The old woman gently prodded Luz toward the mattress and blankets. She didn’t want to lie down. She needed to call her father and she needed to call Jonah. But the blankets looked nice, and Luz was so, so tired.

  “You have nothing to worry about,” the grandmother said.

  When Luz lay down, her heavy head seemed to anchor her to the mattress while the rest of the room orbited around her. For the first time she noticed the little boy holding on to his grandmother’s skirt and staring at Luz from around the old woman. His big, dark eyes. He didn’t speak, he only stared.

  The old woman took his hand and turned. “Come away, Ignacio.” The boy watched Luz even as he left the room.

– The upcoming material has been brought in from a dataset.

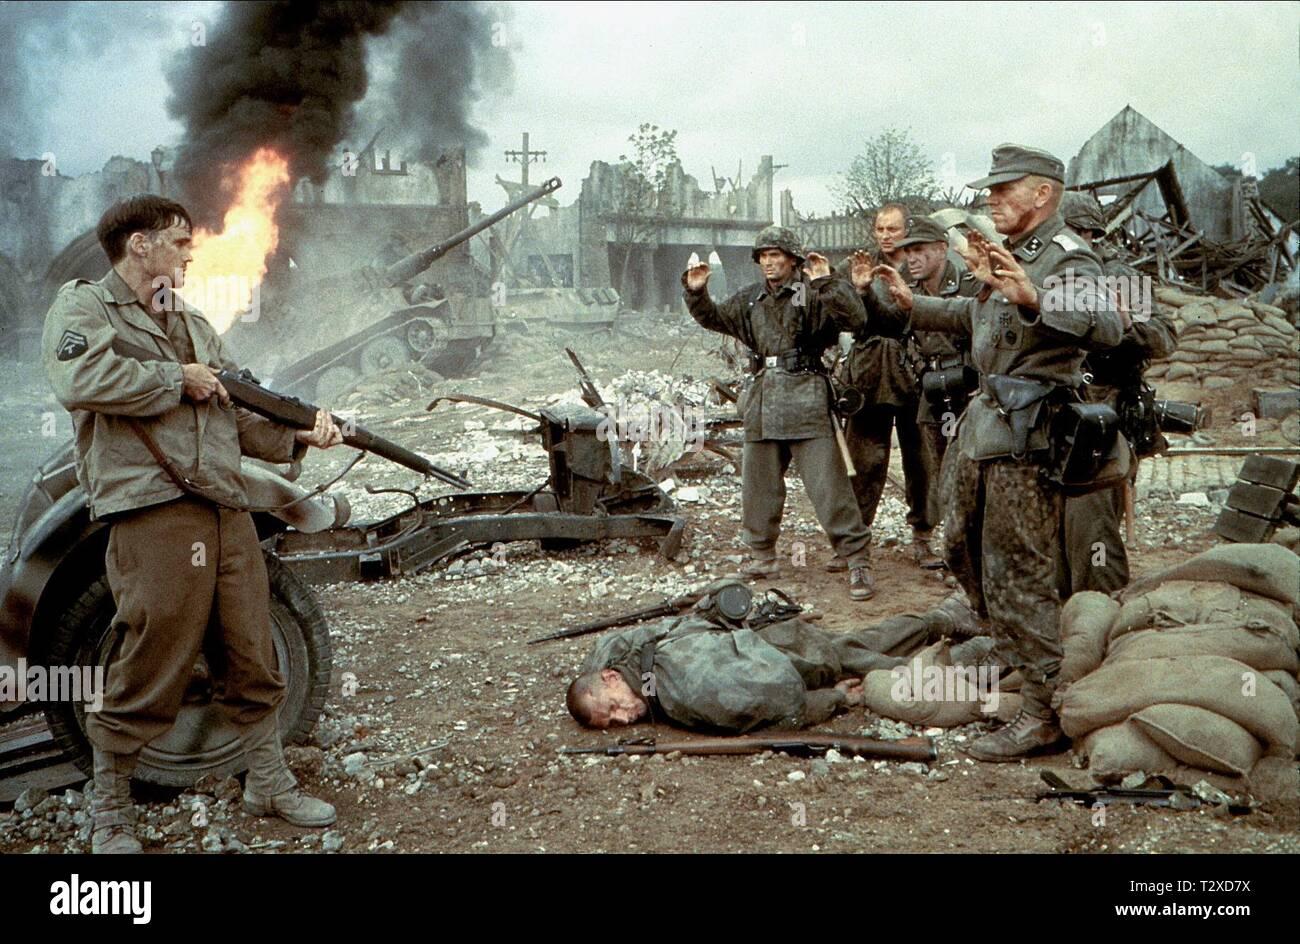 Jeremy Davies Saving Private Ryan 1998 Stock Photo Alamy

  Luz closed her eyes and tumbled into a dream about the boy. No. A boy very much like him, but different yet. This boy had blond hair, like his father. He wandered from place to place, knocking on doors. At every door he knocked they told him, You don’t belong here. They told him, You don’t belong anywhere.

  3

  A RATTLE SHOOK, SHOOK, SHOOK. SNAKES COILED IN THE BED with her, their scales not slimy but rough against her legs. They warned her, rattling: she’d fallen asleep in the wrong place—but she couldn’t move, and she woke with a start to a headache harpooning her from temple to temple. The little boy, Felipo’s brother, stood at the foot of the mattress, shaking the rattle severed from the dead snake. Candles flickered among the santos on the windowsill. The boy turned and ran from the room. Luz wrapped her arms around her knees.

  Calm down. We’re okay here. The cut over her ear throbbed. Felipo’s grandmother had set a change of clothes out for her, a pair of slacks and a linen shirt. She put them on. They were roomy but clean.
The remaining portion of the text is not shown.